The fanatic whose “armies of God” popularized the beheading videos also offered those same followers some hope by welcoming the recent pledges of allegiance to the ISIL organization from jihadist groups in Mali and Burkina Faso.

Al-Baghdadi singled out for praise Abu Walid al-Sahrawi, the leader of the Islamic State in the Greater Sahara – that vast expanse of territory that includes Sudan, Chad, Niger, Mali, Mauritania and the contested lands of the Western Sahara. Clearly, the front lines of the jihadists’ war against imperial might of the USA, its most prominent surrogate Israel and everyone else who allies with those two, have been inaudibly (and almost secretly) moved to Africa.

Last year, 2018 at least 10,000 people, mostly civilians, were killed in this new era of jihad inspired violence across Africa. That number is almost the same to those that were killed in Iraq and Syria in the wars and conflicts that started after President Obama’s withdraw of US troops from Iraq – the era that marked the rise of ISIL as a force to be reckoned with. In fact, 2019 has already seen the number of American and Western European (read NATO) troops battling fundamentalist Islamists in Africa surpass those fighting the fanatics elsewhere in the world.

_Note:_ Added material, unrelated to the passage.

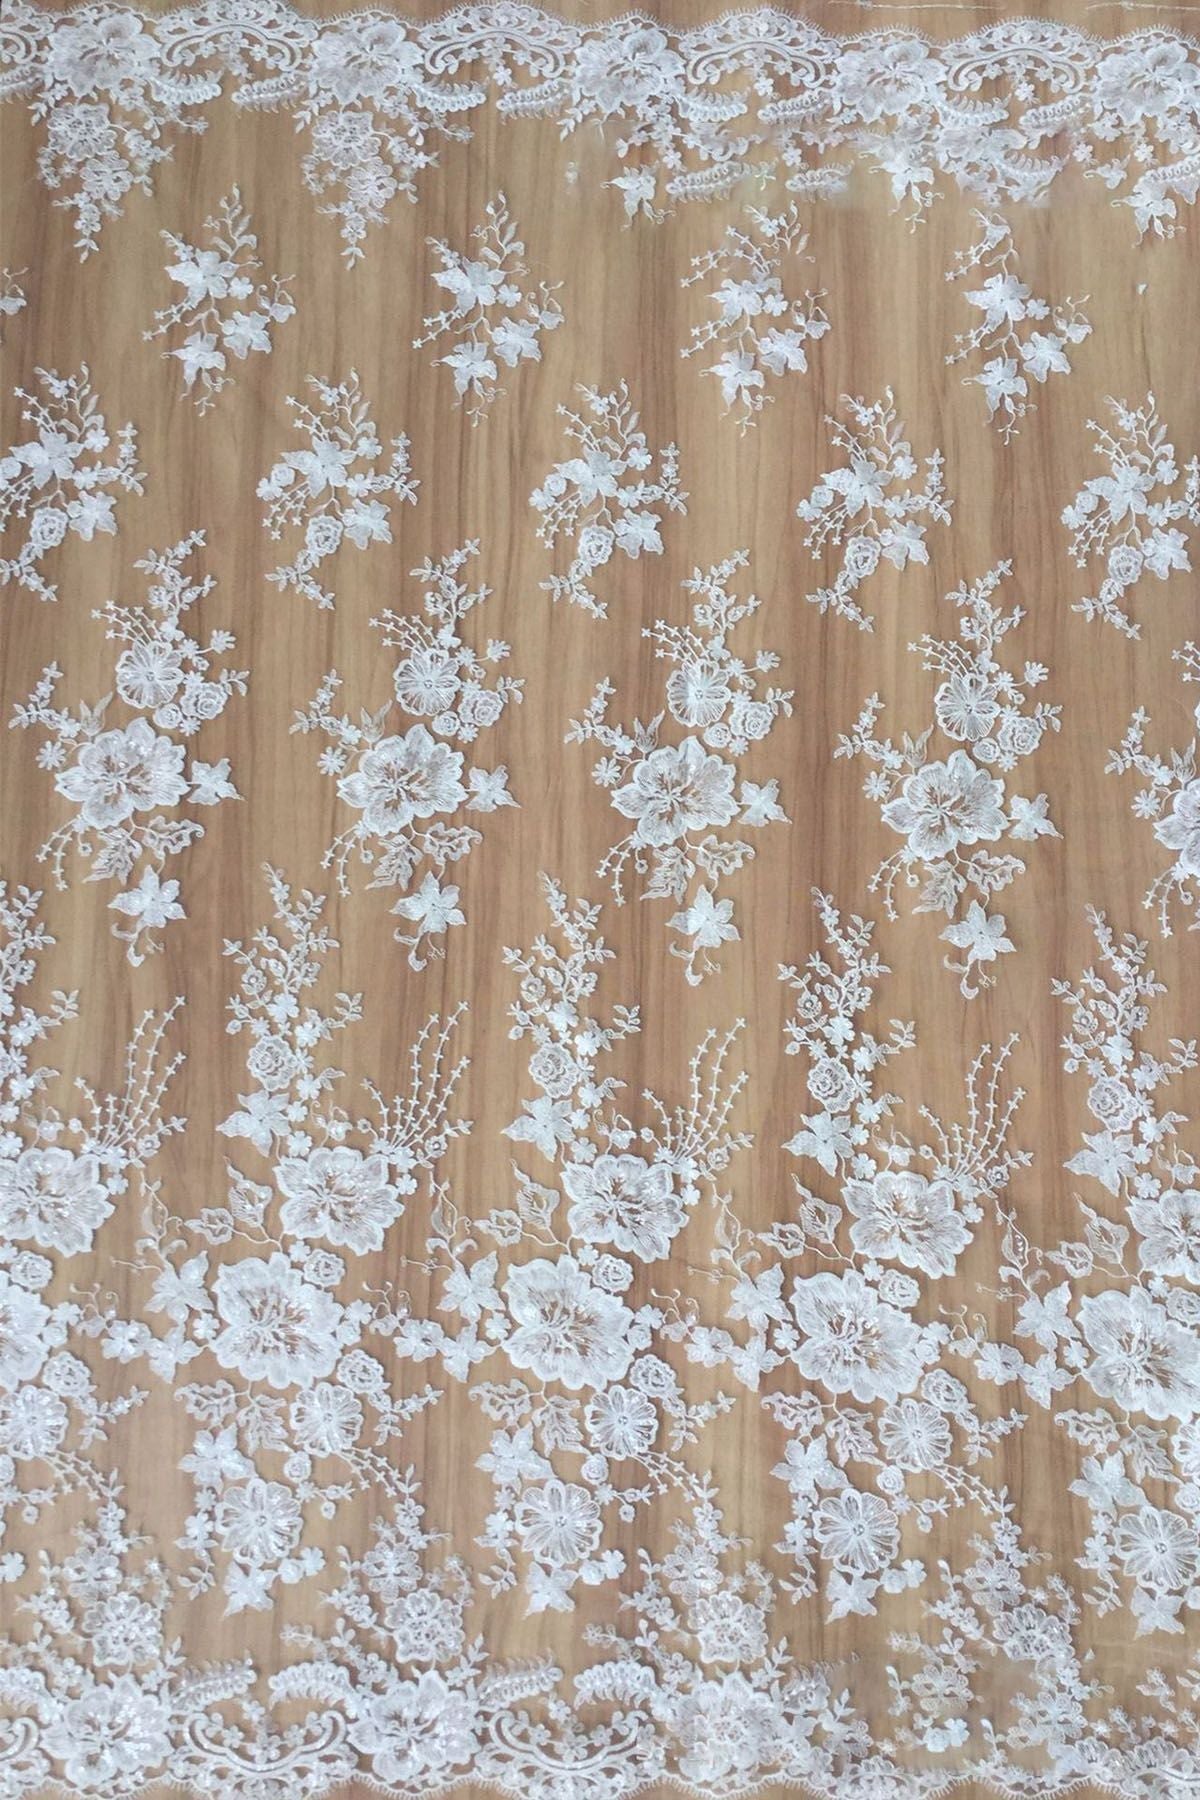 Shiny Sequined Flower Bridal Lace Fabric for Sale

Presently on any given day, America has about 7,000 soldiers deployed on this continent. France deployed perhaps 4,500 in the Sahel to protect French uranium and natural gas interests primarily, after those assets were directly attacked in 2014 in the aftermath of Ghadaffi’s overthrow and the eventual mayhem that ensured. Germany and Italy in total have almost 1,000. NATO allies specifically, Canada, Spain, Estonia and Denmark have also sent hundreds of military advisors and personnel to shore up the War on Terror – Africa Edition. Therefore, the total number of armed foreign Jihadist-hunters easily surpasses the 14,000 American servicemen currently in Afghanistan, which should have been the epicenter of the War on Terror.

The conflict, at least on the scale the neo-conservatives of the Bush-Cheney global empire thinking imagined, could not be executed in the oil-fields of the middle east, after all oil is the basis for the sovereignty of the US dollar and might of its military. Thus, as the global oil price kept rising, the Americans who actually conceived and started the war, moved the optics of the war – the violence and deprivation, to Africa and its vast hinterland. The war that is now being fought across a broad expanse of Africa, from Somalia in the east to the Atlantic Ocean in the west is really all about ensuring that America’s vast Military Industrial Complex stays relevant and profitable in the light of a collapsed Soviet Union.

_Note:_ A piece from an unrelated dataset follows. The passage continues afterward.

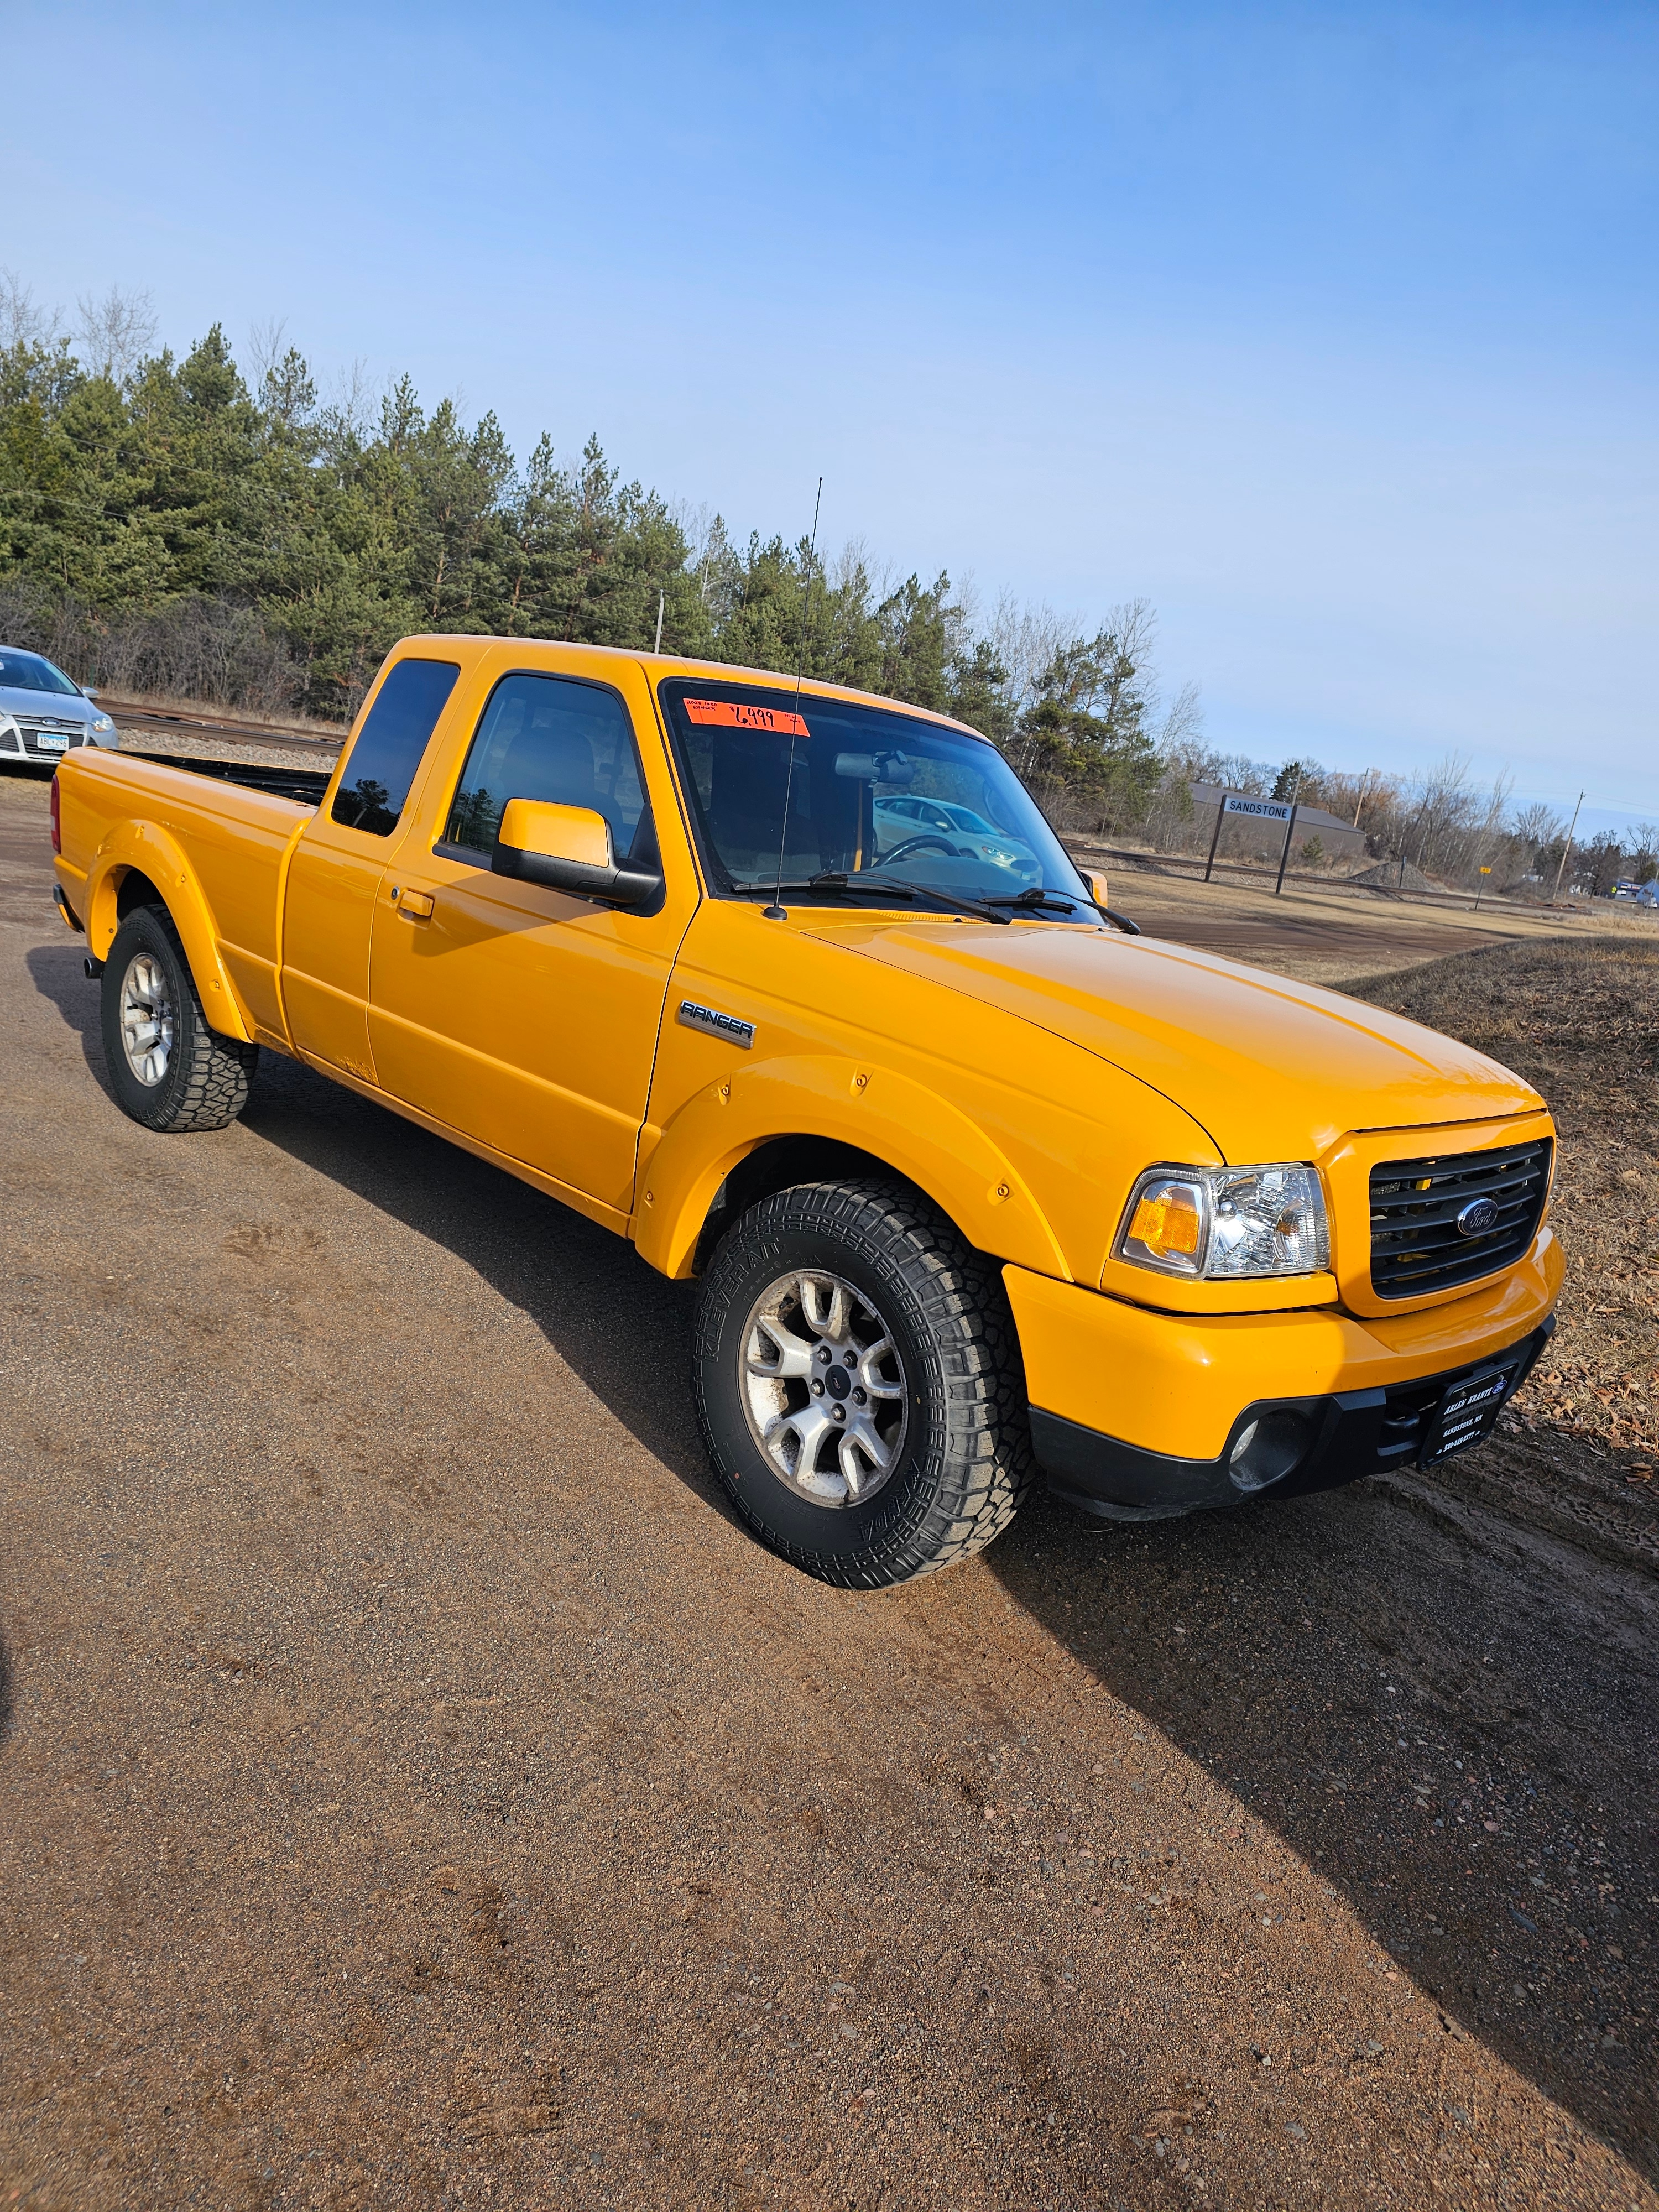 Used 2008 Ford Ranger Sport with VIN 1FTZR45E08PA13911 for sale in Sandstone, Minnesota

America’s “War on Terror” is now concentrated in some of the poorest communities on this Earth, where it is fueled by globalization – global arms and natural resources trade, while the American politicians and their buttressing think-tanks (read economic hit men) tell audiences in America that it is bad governance that, for instance, gave the Bedouin the arms they are using to destabilize Mali, Niger, Algeria and Chad.

The media has their American and other gullible audiences believe that all the guns and ammunitions that NATO (mostly France and USA) supplied by air-drops to the anti-Ghadaffi rebels in 2013 were used by only “good Libyans yearning for democracy”. The reality on the ground is that those arms, just like in Iraq and Syria, are what Jihadists have used to recruit the local populations. Those populations like the Bedouin have long been oppressed by western-backed governments in the region and were quick to suckle on al-Baghdadi’s tit, for it provided the means by which to exert revenge on what they have always perceive as oppressive governments – arms in abundance.

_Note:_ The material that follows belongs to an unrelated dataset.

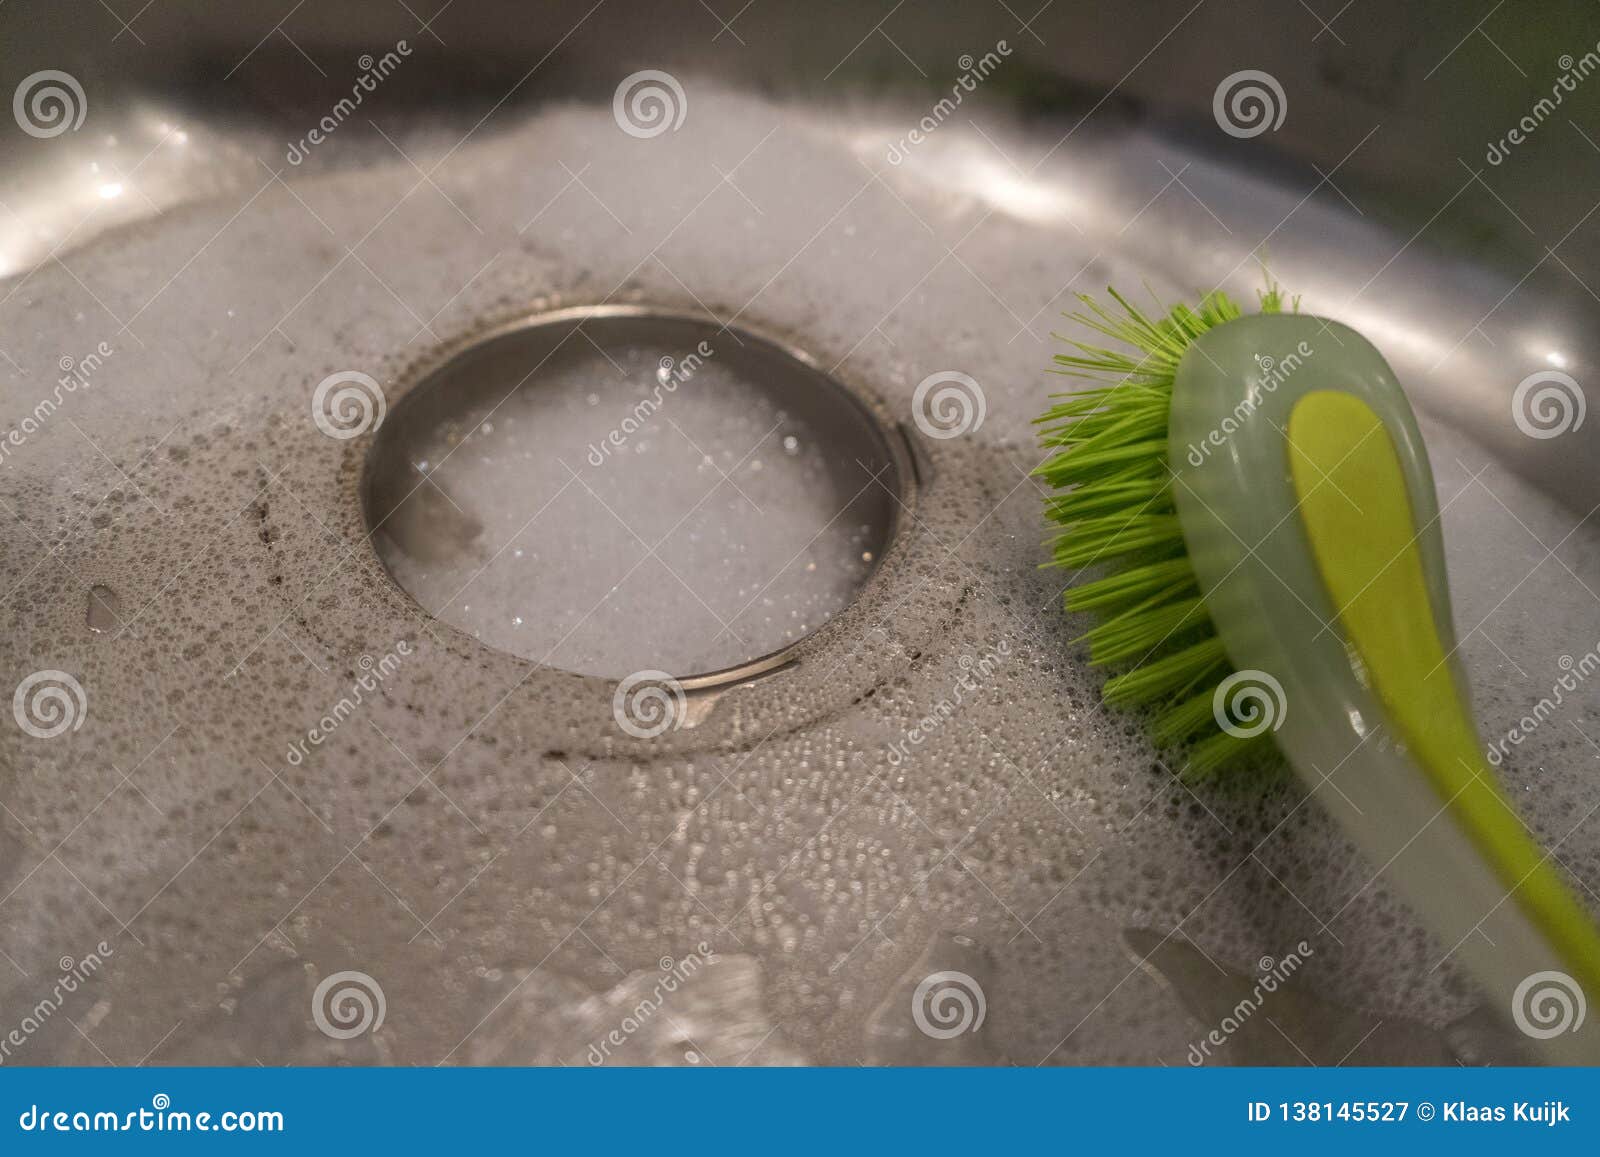 Metal Water Sink With Green Cleaning Brush Industrial Look

America’s post-1945 economy has been based on arms production; in fact the richest and most lucrative industries in the USA are those firms that make weapons and other tools of war. In staging the “war on Terror” in Africa, the American imperialist chose well. The ground was already fertile for the latest enterprise of the imperialist exploitation, after all those that will from 2019 host the “global War on Terror” are communities whose governments barely control much of the supposed territory of their countries.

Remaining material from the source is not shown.